Task requirements:
Go through the data below and copy it exactly, skipping every picture.

-------- Given data

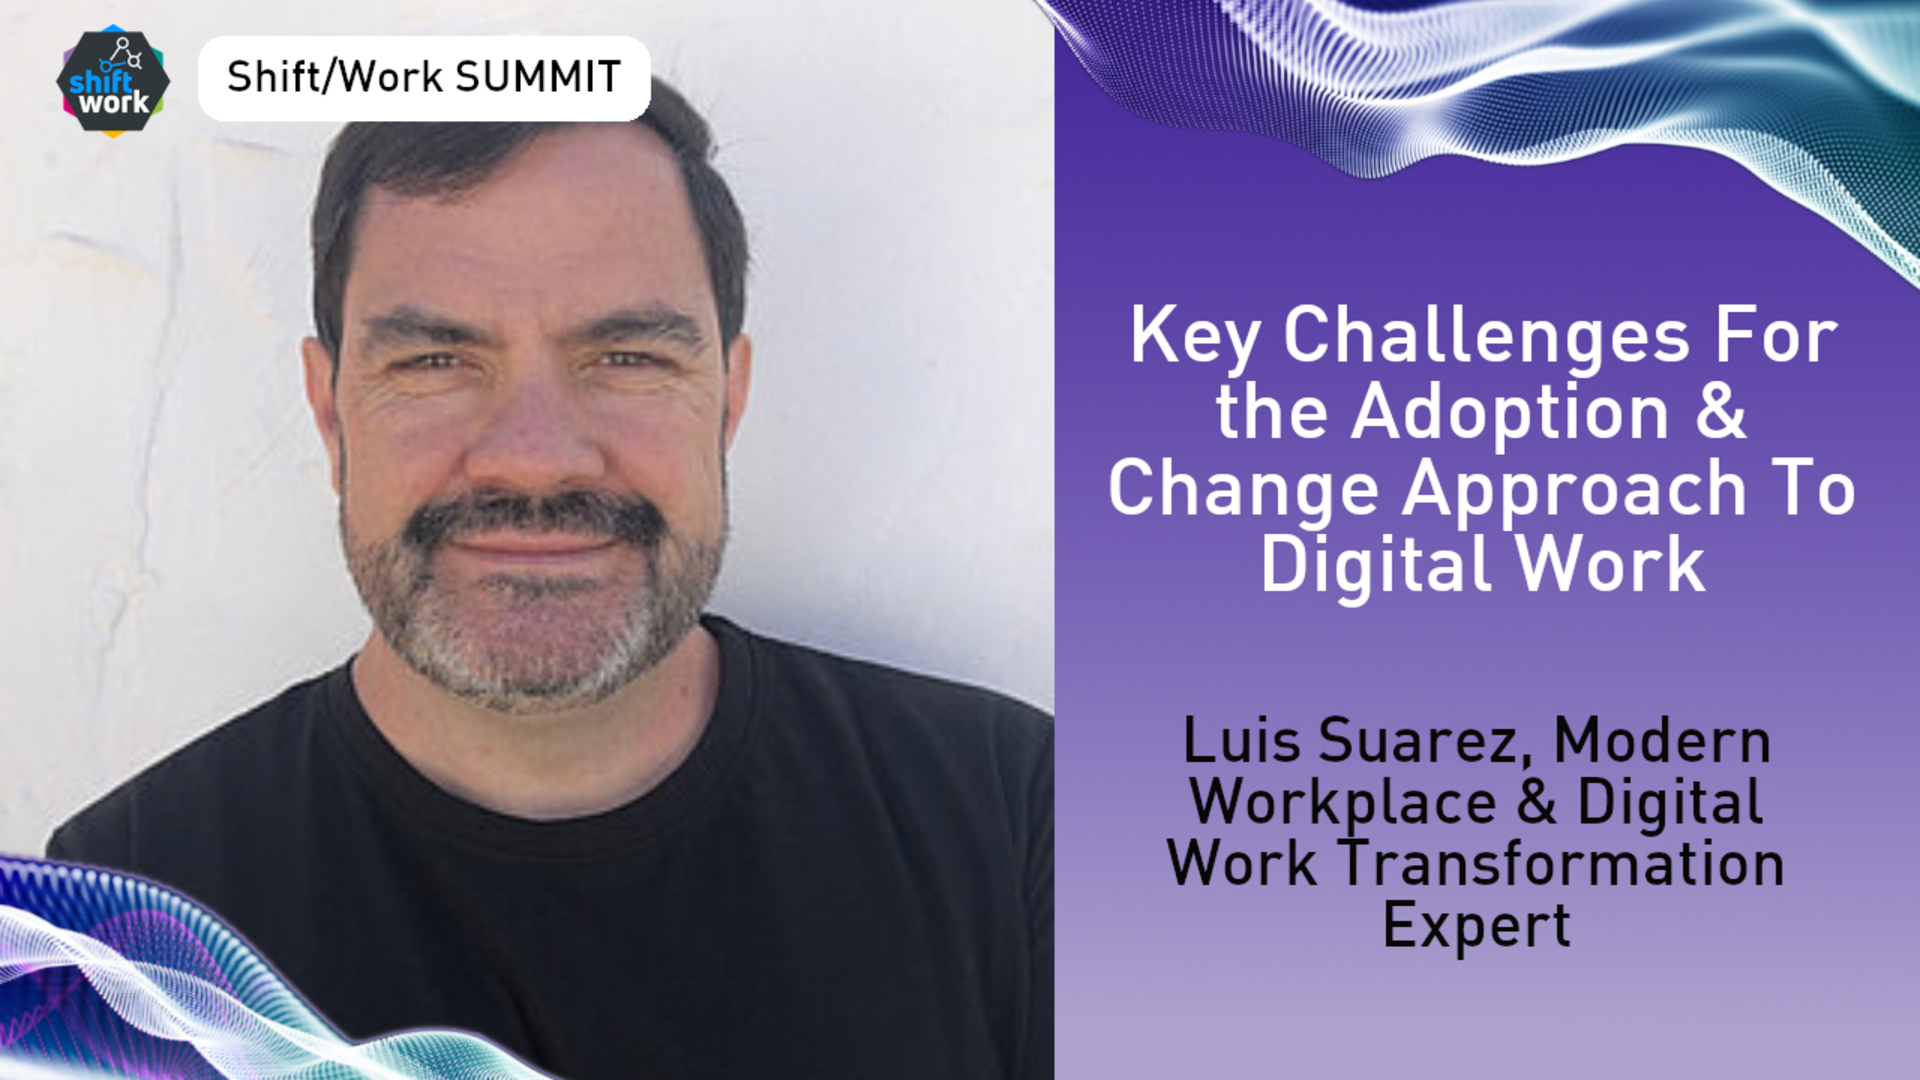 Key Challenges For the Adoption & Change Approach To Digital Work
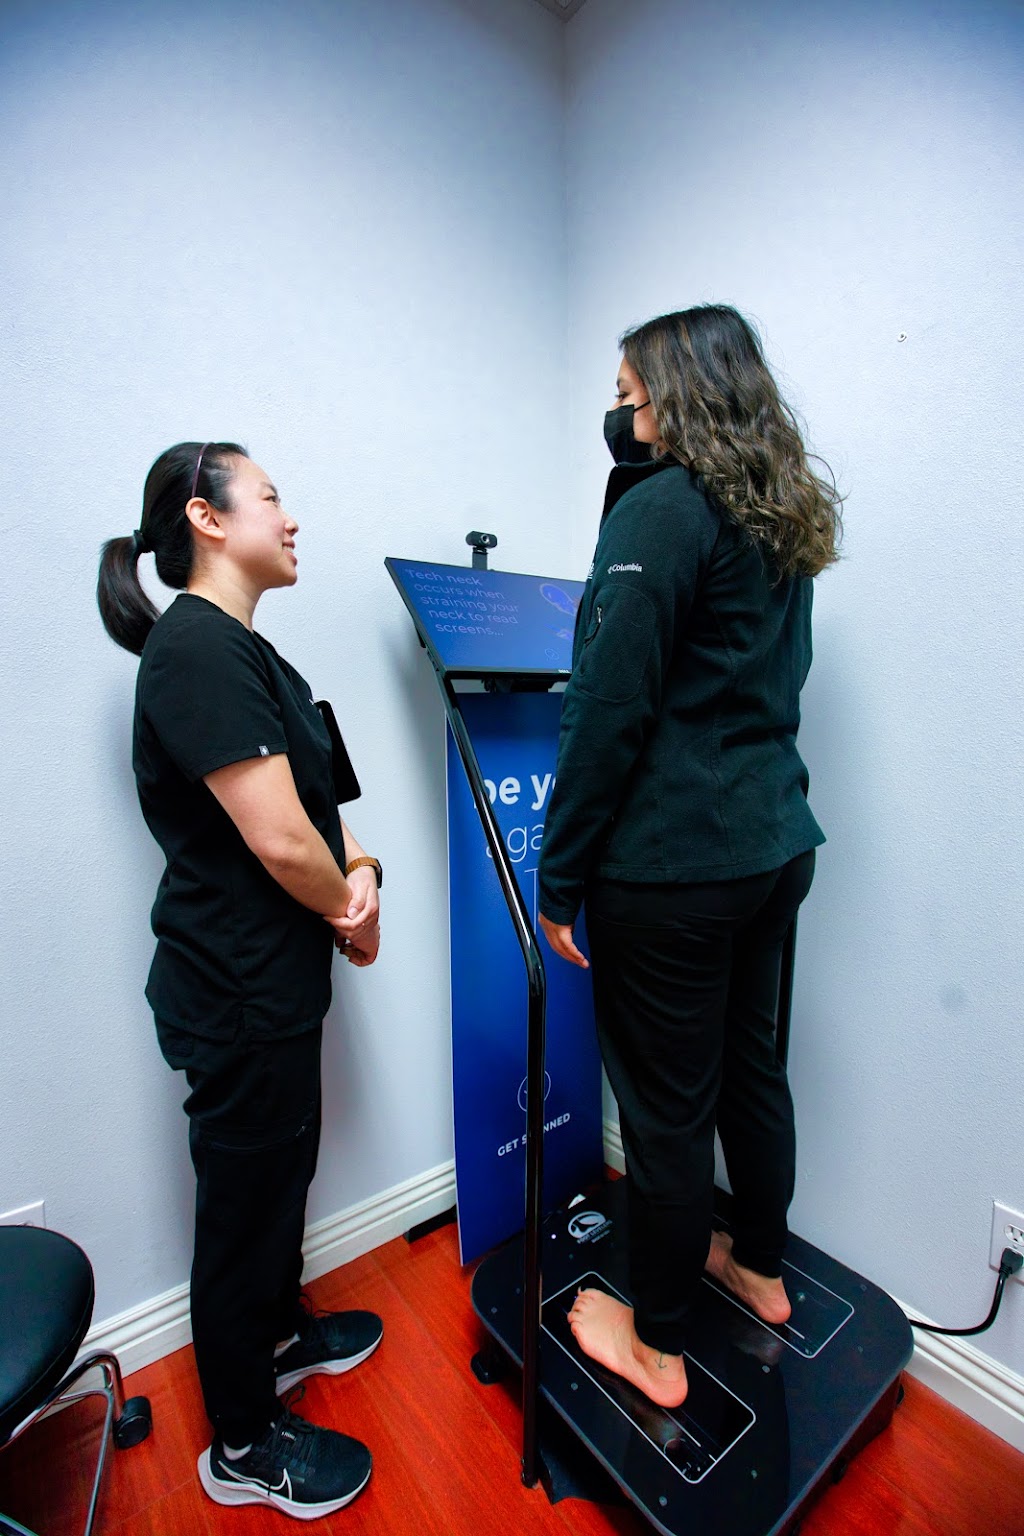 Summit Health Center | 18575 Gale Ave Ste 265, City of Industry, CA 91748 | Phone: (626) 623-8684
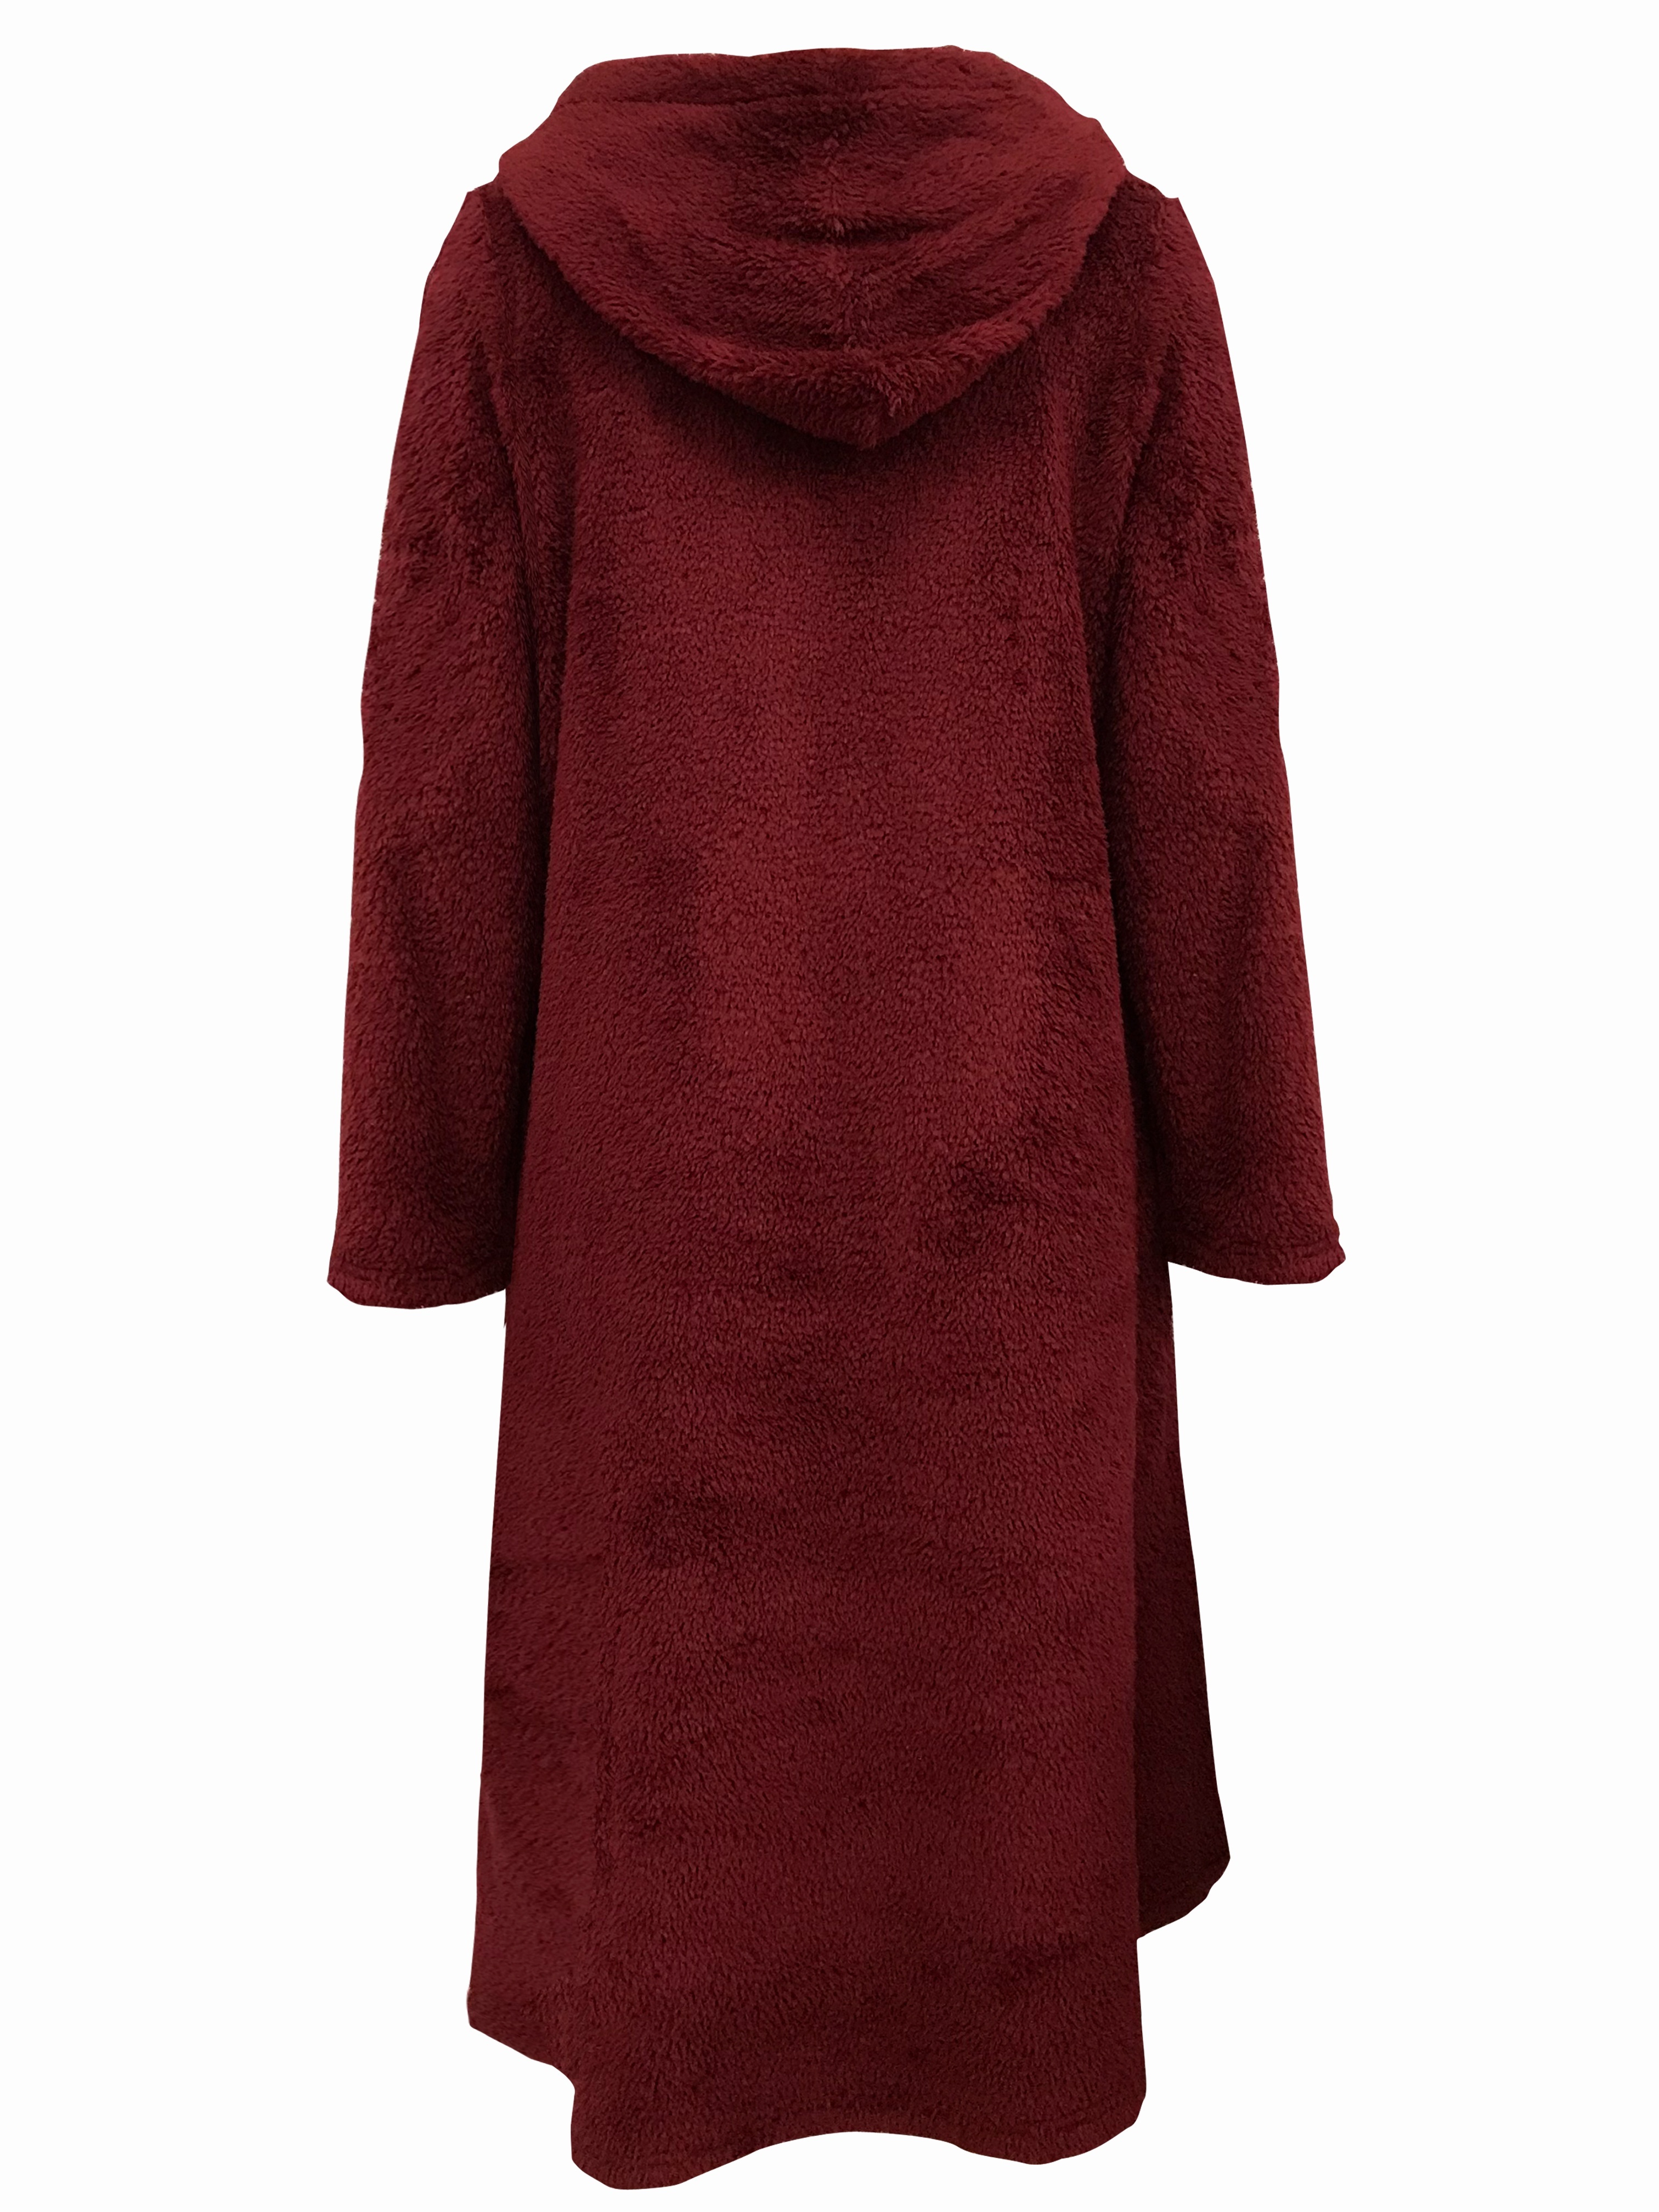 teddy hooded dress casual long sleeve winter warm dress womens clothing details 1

----------------

Solution for this task:
 Key Challenges For the Adoption & Change Approach To Digital Work
 Summit Health Center | 18575 Gale Ave Ste 265, City of Industry, CA 91748 | Phone: (626) 623-8684
 teddy hooded dress casual long sleeve winter warm dress womens clothing details 1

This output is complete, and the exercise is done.